5/11/2007

Was Gordon Brown's autocue problem a positive sign for him ?

Gordon brown has promised more substance and less presentation if he becomes Labour Leader, and surely the autocue problems today highlight this clearer than he could have hoped.


Despite the fact that it was a clear cock-up, was it altogether that bad ? After all, his speech was actually quite good, he spoke with passion and feeling, in a way I have not heard him speak before. I actually felt that a lot of time and effort (probably 13 years of time and effort since Blair became leader) had gone in to it and yes, although the autocue thing might have been a problem, it did say to me that it was the least of his worries.


You just know that Blair's team would have been fretting over the autocue, camera positions and press in a way that Gordon Brown's people wouldn't.

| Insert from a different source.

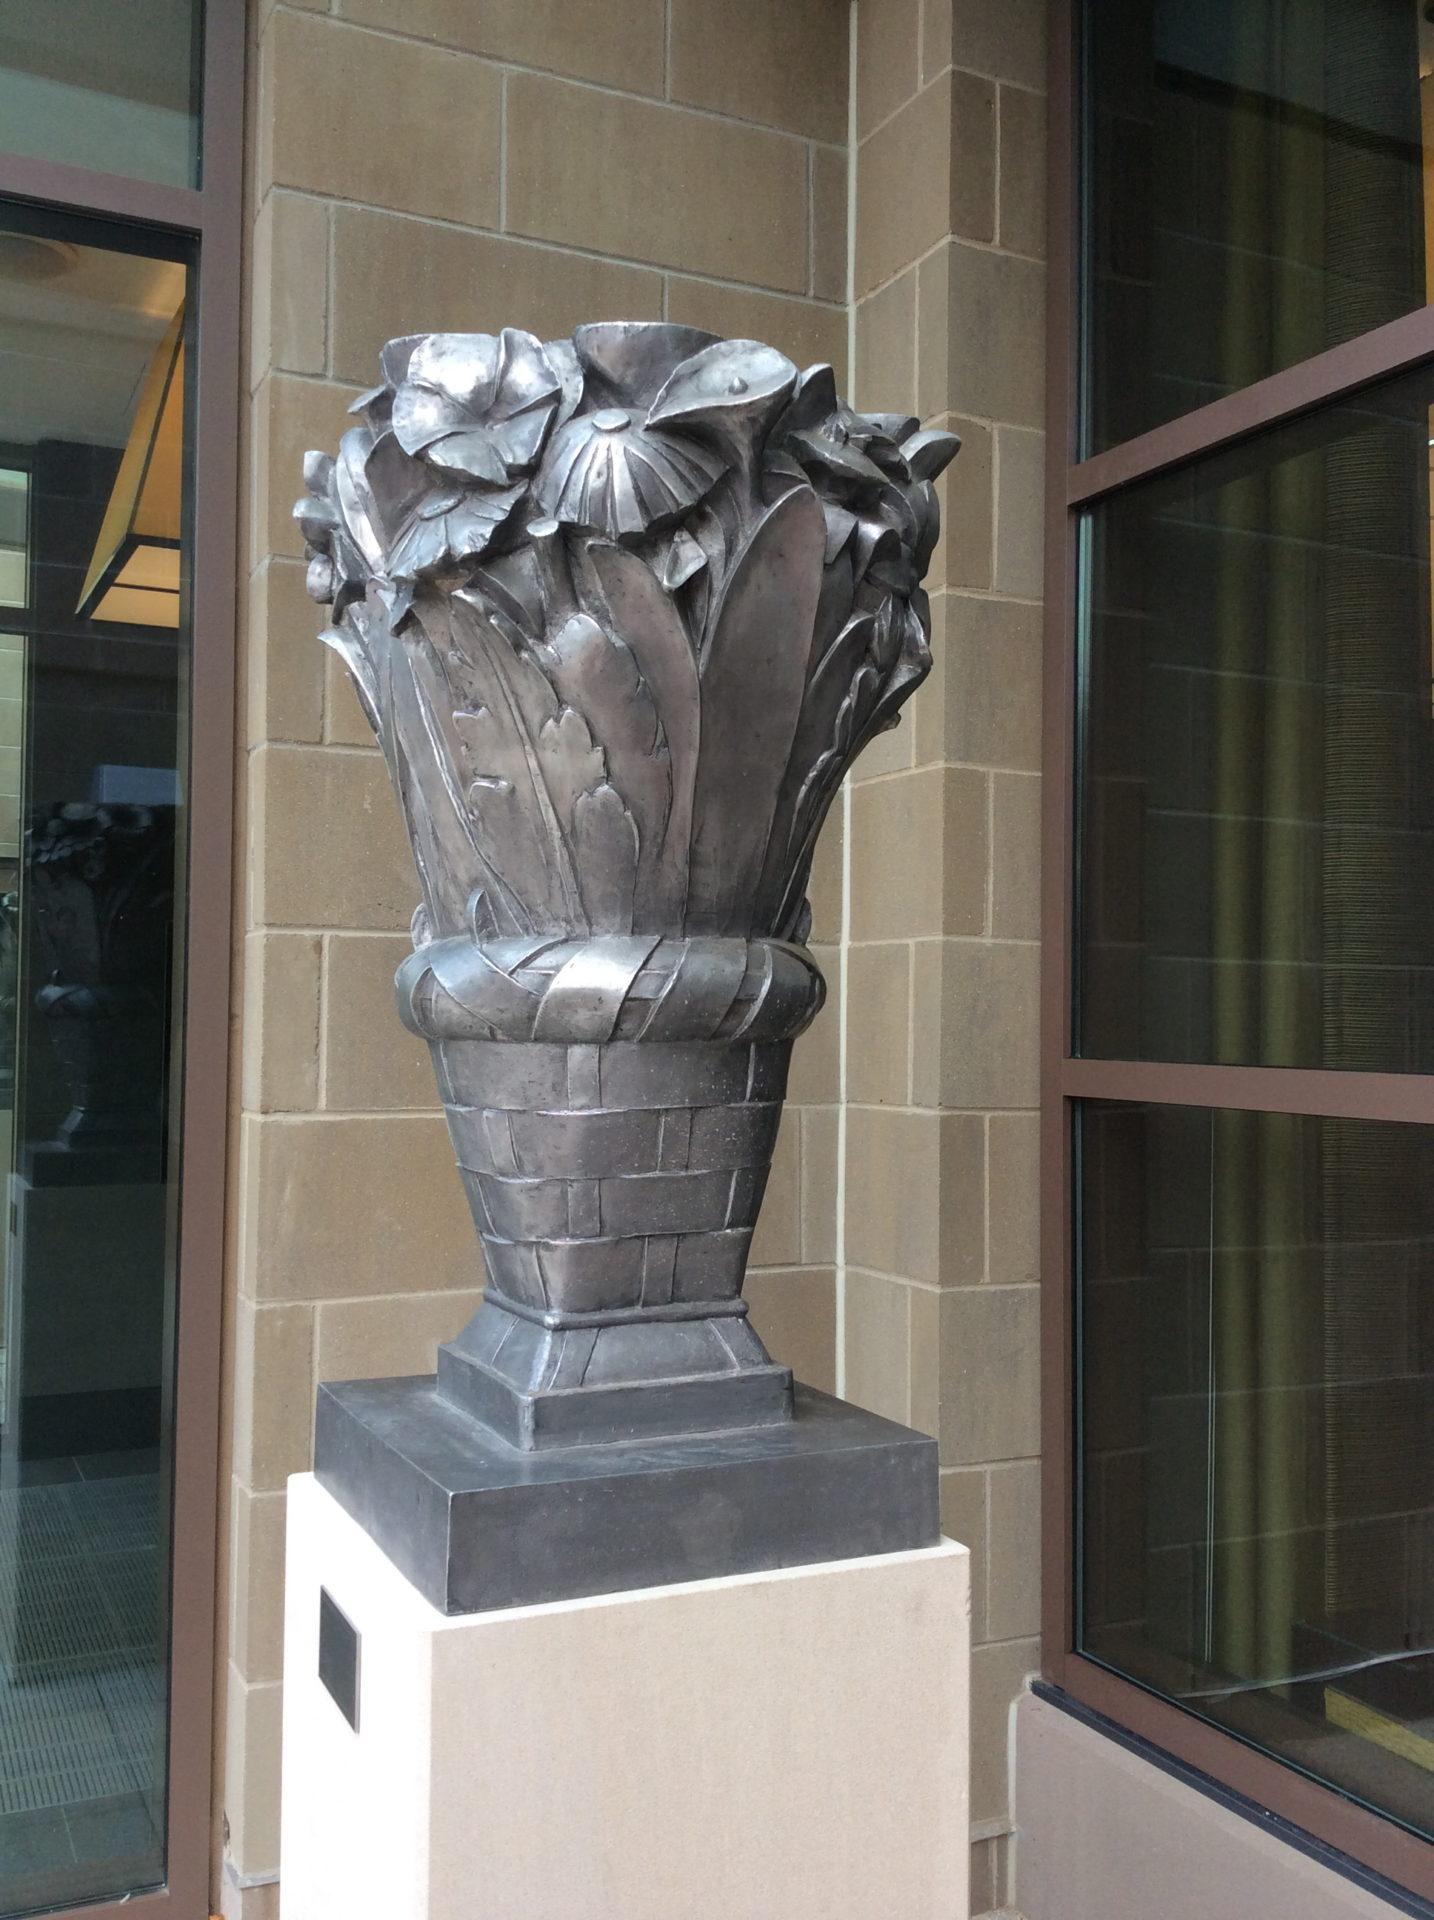 Basket of Flowers — Stephen Robin

So I don't think it was all that bad, and in many ways, I actually see it as a positive sign.

2 comments:

Anonymous said...

Brown spoke with a passion, i agree, unseen before. He is also more camera-friendly than i think some may have previously anticipated.


The more i see of him, the more i prefer him to the smarmy and smug posturing of Mr Cameron, whose policy-lite, spin-saturated style is insulting to the intelligence of the British electorate.

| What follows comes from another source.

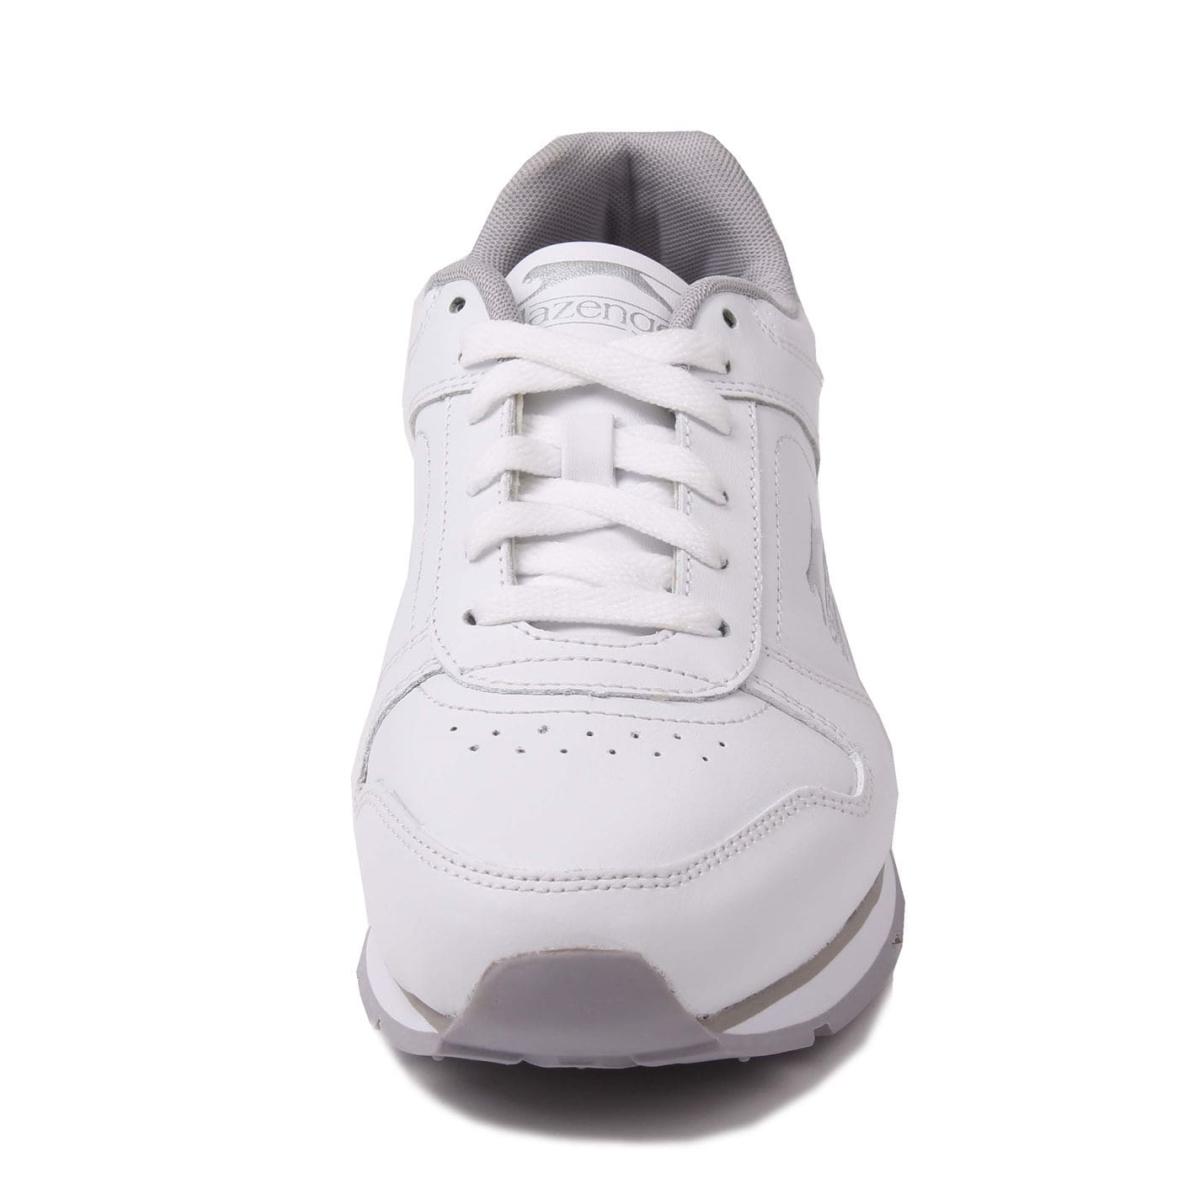 Slazenger-Classic-Turnschuhe-Laufschuhe-Damen-Sportschuhe-Sneaker-1265 Indexbild 27

It is, however, alarming that he has built a poll-lead already solely on the basis of i'm-a-decent-guy eyes, some posing on bicycles, photo-ops with children & ethnic minorities, and a trip to the arctic.


All i can say is, the French wouldn't fall for it.

Darren G. Lilleker said...

I note thought that Brown's former spin doctor Charlie Whelan looks at things like the gaffe as part of a differentiation strategy, as guided by his team of advisers and his wife the Macauley in PR firm Hobsbawm Macauley so it may be a sign of a new type of PR rather than a more authentic delivery.